Territoires et développement durable

2 Août 2017 | Actualités

Dans un contexte complexe, l’avènement d’un nouveau courant « En marche » n’en a pas changé le rythme, cet article se veut davantage l’expression d’une humeur reflétant mes échanges avec les collectivités. En effet, les maires ne sont pas contents et nous avons régulièrement l’occasion de le vérifier à travers, d’une part, ma collaboration avec l’Association des Maires ruraux de France,  et d’autre part au contact régulier d’élus dans l’action. Je dirai plutôt qu’ils sont dans la désillusion que l’action est encore possible. En effet, la réforme des collectivités, la mise en place de la loi Notre, la métropolisation en cours, la baisse des dotations (moins 300 millions d’€ de dotation en août 2017 après les 13 milliards d’€ d’effort, comme une cerise sur le gâteau) et bien d’autres choses encore, sont de plus en plus mal vécues par des élus en prise quotidienne avec leurs administrés, eux-mêmes pas très contents en ce moment,les dernières élections présidentielle et législative l’ont souligné.

Tout ceci se passe au détriment du projet collectif. Si nous vivons une situation de transition, ce que l’on peut comprendre, mais elle nous semble durer plus que de raison, elle provoque une atonie telle que plus rien ne se passe. Je prêche, certainement, pour ma paroisse de consultant, pourriez-vous me reprocher avec raison, mais pas seulement. Je constate que beaucoup d’envies, de projets ne se réalisent pas aujourd’hui alors même qu’ils sont attendus avec impatience, parce que les règles du jeu « du qui fait quoi » ne sont pas encore suffisamment claires. Le ventre mou de la réforme territoriale, les tensions sur les moyens forcent les nouvelles intercommunalités qui se mettent en place,  à de nouvelles organisations mais peu sont capables de déployer de l’ingénierie projet aujourd’hui. Il y a même des frictions entre les intercommunalités qui ont hérité de la compétence du développement local et les collectivités les composant, souvent le centre bourg, qui veulent impérativement et immédiatement endiguer une forme de paupérisation qu’elles ne peuvent juguler seule. C’est d’autant plus dommageable que cela contient des enjeux de développement local, d’économie résidentielle voir de création d’activités et donc d’emplois.

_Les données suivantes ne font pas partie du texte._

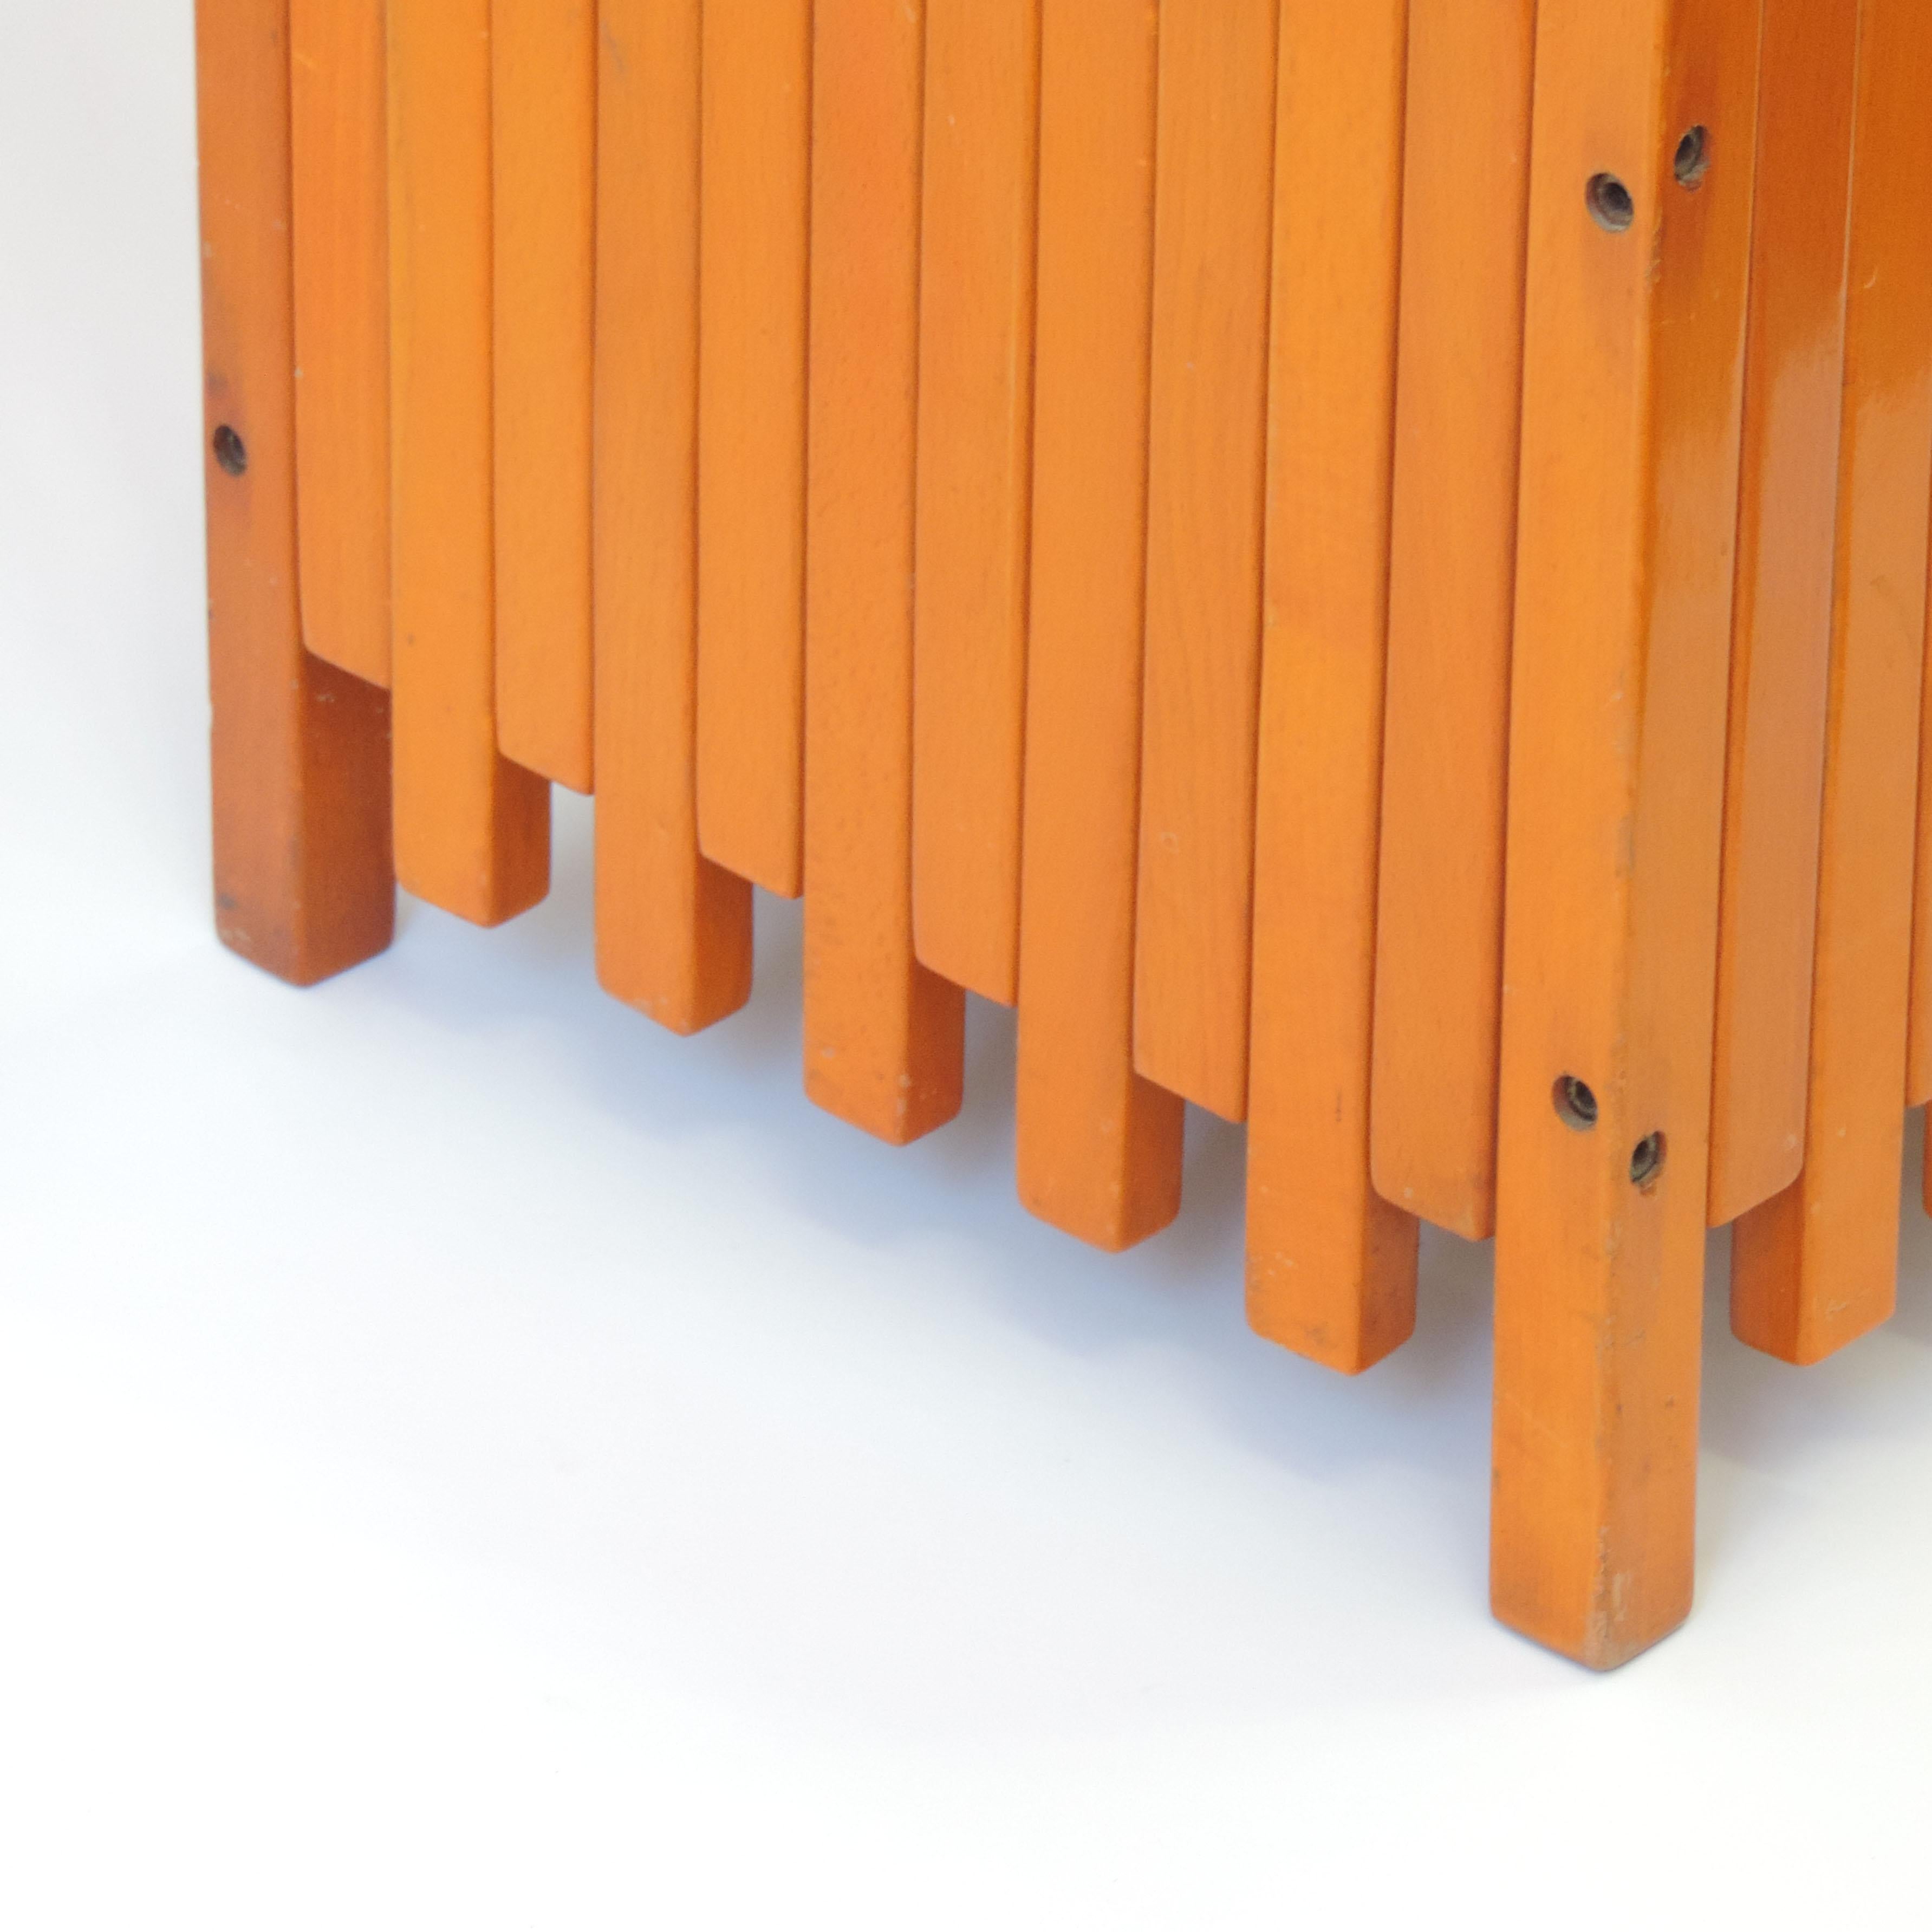 Mid-Century Modern Ettore Sottsass Orange Stained Wood Planter for Poltronova, Italy, 1961

A un moment où la moindre défaillance sociale, le moindre imprévu météorologique, questionnent fortement nos pratiques de travail, de mobilité, nos dépendances en matière de développement, de ressources, au lendemain du succès de la COP 21 et, déjà, du revirement des Etats-Unis, qu’il conviendra de transformer mais nous avons de grands doutes, le vrai enjeu est probablement de repenser le développement des territoires. Attractivité, hospitalité, innovation, collaboration (dont publique / privée), numérique sont les critères essentiels que l’on doit trouver dans les projets comme dans les formes de collaboration, avec une vraie considération pour les différentes formes d’économie (circulaire, résidentielle,sociale et solidaire…), pour une vision économique qui ne passe pas seulement par la création d’infrastructures obsolètes (combien de zones d’activité à l’abandon ou bien sous utilisées ?) ou le ciblage exclusif d’entreprises à fort potentiel de croissance (souvent vain si les infrastructures, la ressource humaine ne sont pas sur place).  J’ai encore le souvenir vivace, il n’y a pas si longtemps, que le tourisme n’était pas considéré comme du développement économique. J’imagine qu’il y a les mêmes préjugés pour l’économie collaborative, sociale et solidaire notamment. La donne a changé… les contextes évoluent…

Je suis convaincu que la France tient un rôle à part au sein de l’Europe, l’un des rares pays à proposer une qualité de vie, des richesses et ressources pour se développer. C’est un épicentre sur lequel nous n’avons pas encore suffisamment capitalisé.